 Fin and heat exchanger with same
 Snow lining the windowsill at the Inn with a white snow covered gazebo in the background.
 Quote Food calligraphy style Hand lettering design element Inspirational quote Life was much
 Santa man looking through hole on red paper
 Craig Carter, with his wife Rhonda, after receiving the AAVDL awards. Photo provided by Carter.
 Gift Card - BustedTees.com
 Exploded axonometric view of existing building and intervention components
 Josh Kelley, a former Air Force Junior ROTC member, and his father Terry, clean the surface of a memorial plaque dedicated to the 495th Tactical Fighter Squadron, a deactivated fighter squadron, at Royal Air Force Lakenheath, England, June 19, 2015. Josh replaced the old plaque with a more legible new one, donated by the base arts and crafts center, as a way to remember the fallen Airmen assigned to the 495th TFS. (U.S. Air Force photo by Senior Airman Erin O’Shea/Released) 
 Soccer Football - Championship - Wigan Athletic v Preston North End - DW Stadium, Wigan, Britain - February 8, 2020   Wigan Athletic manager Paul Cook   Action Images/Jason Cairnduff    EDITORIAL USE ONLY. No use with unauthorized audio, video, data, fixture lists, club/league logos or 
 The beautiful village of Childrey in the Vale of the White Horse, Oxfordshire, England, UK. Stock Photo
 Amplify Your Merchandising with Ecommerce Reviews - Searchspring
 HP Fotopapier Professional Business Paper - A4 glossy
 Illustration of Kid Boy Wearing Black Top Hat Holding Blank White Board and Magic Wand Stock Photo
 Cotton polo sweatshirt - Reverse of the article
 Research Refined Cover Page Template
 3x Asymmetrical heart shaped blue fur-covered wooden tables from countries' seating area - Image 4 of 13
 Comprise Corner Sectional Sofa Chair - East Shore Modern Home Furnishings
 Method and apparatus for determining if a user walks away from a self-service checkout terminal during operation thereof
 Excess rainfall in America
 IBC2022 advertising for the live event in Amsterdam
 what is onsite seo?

_What you should do_:
Please output exactly the lines between the one holding "Snow lining the" and the one holding "Josh Kelley, a" in the records above, inclusive, and nothing more.

_Expected answer_:
 Snow lining the windowsill at the Inn with a white snow covered gazebo in the background.
 Quote Food calligraphy style Hand lettering design element Inspirational quote Life was much
 Santa man looking through hole on red paper
 Craig Carter, with his wife Rhonda, after receiving the AAVDL awards. Photo provided by Carter.
 Gift Card - BustedTees.com
 Exploded axonometric view of existing building and intervention components
 Josh Kelley, a former Air Force Junior ROTC member, and his father Terry, clean the surface of a memorial plaque dedicated to the 495th Tactical Fighter Squadron, a deactivated fighter squadron, at Royal Air Force Lakenheath, England, June 19, 2015. Josh replaced the old plaque with a more legible new one, donated by the base arts and crafts center, as a way to remember the fallen Airmen assigned to the 495th TFS. (U.S. Air Force photo by Senior Airman Erin O’Shea/Released) 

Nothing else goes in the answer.